· If the dependent variable is time to an event then we have to undertake a completely different type of statistical analysis.
· There are a number of problems with analysis of time to event data.
· Let us take for example a case of new THR implant with a 10-year follow-up and the outcome of interest is revision.
· Some patients will have 10-year follow-up.
· Others may be recruited at the end of the study and therefore only have a 5-year follow-up.
· Some patients will be lost to follow-up.
· Other patients will die.
· Some patients will not have been revised at the end of full 10-year follow-up.
· How do we know what happened to all those THR that did not undergo revision?
· Survival analysis is a way to analyse these data.
· In a survival analysis we are interested in a clinical course duration that begins with the enrolment and ends when the patient experiences the outcome of interest (revision).
· In a survival analysis you either experience the outcome or not.
· Patients who do not experience the outcome (for reasons outlined above) are termed “censored.”
Figure 23 Kaplan-Meier survival analysis of Birmingham Hip resurfacing implantKaplan-Meier survival analysis of Birmingham Hip resurfacing implant.Graph shows the survival probability with 95% CI CI gets wider as the numbers at risk get smaller..Note that authors indicated how many participants were left at each stage following censoring.From Daniel et al. B Joint J 2014; 96-B: 1298-1306.
Figure 24. Cox regression analysis.The authors were interested to investigate the impact of several covariates on implant survival. Therefore they performed Cox regression analysis. In this chart which we can see that a diagnosis of dysplasia in women was the only statistically significant covariate increasing the risk of revision.
· Therefore in a survival analysis it is important to show how many participants were censored.
· In a survival analysis as the number of participants decreases with time the statistical estimate becomes less and less certain.
· This is evident by the widening of confidence intervals from left to right.
· Therefore one should be cautious about interpreting results on the far right of the curve especially when it is not known what was the population at risk (numbers left in the study).
· It is also important to realise that in survival analysis what is calculated is the known survival time.
· As it is not possible to know what will happen to censored patients as soon as a patient is censored the curve becomes an estimate.
· Although authors like to estimate longest follow-up and the survival rate thereof it is best to look at the minimum follow-up time as the survival rate at this time is likely to be the most accurate.
· An important assumption in survival analysis is that the probability of a participant being censored is not related to the probability of that participant experiencing the outcome of interest.
An example (Figure 25)
· One thousand patients having a THR are followed up for 10 years.

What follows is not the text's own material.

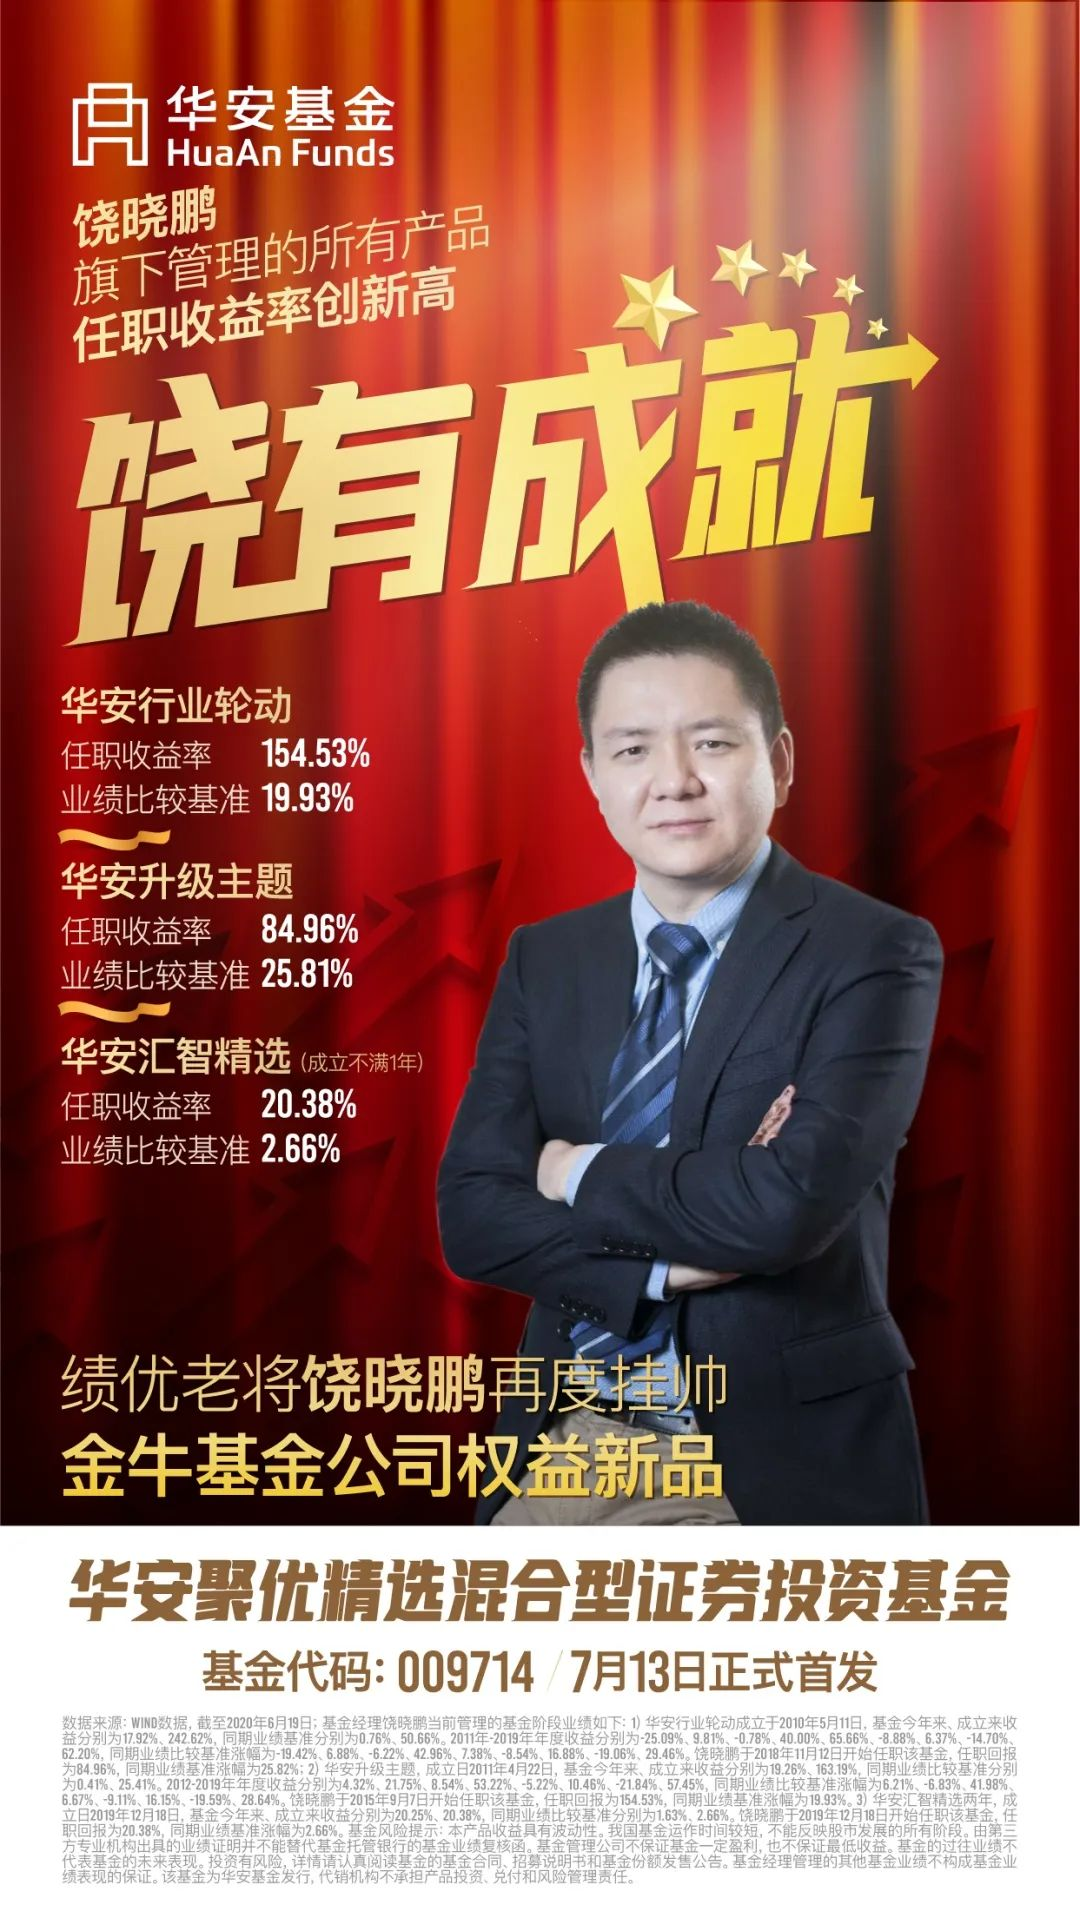 """相对于""""饶晓鹏""""这个名字,他管理的基金曝光率会高一些"""

· Person –years at risk is 1000x10=10,000
· If there were 100 revisions over 10 years the revision rate would be 100/10000= 1 per 100 person-years
· From National joint Registry,cumulative risk of revision for cemented primary knee replacement. It shows that of the implants used the posterior stabilised, mobile bearing TKR consistently had the highest risk of revision(figure 25).

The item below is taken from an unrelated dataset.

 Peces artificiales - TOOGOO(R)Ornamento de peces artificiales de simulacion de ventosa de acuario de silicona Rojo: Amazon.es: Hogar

· Dataset indicates the persons at risk at each stage due to censoring.
Figure 25. Survival analysis.Person –years at risk is 1000x10=10,000.If there were 100 revisions over 10 years the revision rate would be 100/10000= 1 per 100 person-years
· In other words if patients drop out in large numbers from the trial because they are unhappy with the new THR implant then survival analysis will not be valid.
· A benefit of survival analysis is that every participant contributes data to the study however short a period they remain in it.
· The dependent variable in a survival analysis is known as a hazard.
· If we consider revision as our outcome of interest then hazard is the risk of being revised at a point in time, having survived up to then without being revised.
· When using survival analysis one cannot calculate the mean survival time as it does not take into account differing follow-up times.
· One uses cumulative survival time (for example 10-year survival probability).
· Log rank test is performed to compare the survival curves of two or more variables.
· We use the Cox regression model to identify the effect of covariates on survival.
Worked out example of cumulative survival
· Let us assume we begin a trial of a new THR with 100 participants.
· At the end of year 1 there is one revision.
· At the end of year 2 there are two revisions.
· What is the probability of survival beyond year 2?
· Survival year 0 = 100
· Year 1 = 99/100
· Year 2 = 97/99
· Cumulative survival at year 0 is 100/100 = 1
· So the probability of survival up to year 1 is 1
· The probability of survival past year 1 is 99/100 = 0.99
· Cumulative probability of survival to a point is calculated by multiplying the survival rates up to that point.
· So the probability of survival beyond year 2 = 1 ´ 0.99 ´ 0.979 = 0.969
· Both the log rank test and Cox regression model assume that the hazard ratio between the groups is constant over time, if this is not satisfied then the analysis is again invalid.
· This is known as the proportional hazards assumption.
· An example is to consider that if an implant has twice the risk of revision at year 1 it is assumed that the risk of revision is roughly the same throughout the time period.
· This can be checked from the visual inspection of the plots but formal tests are also available.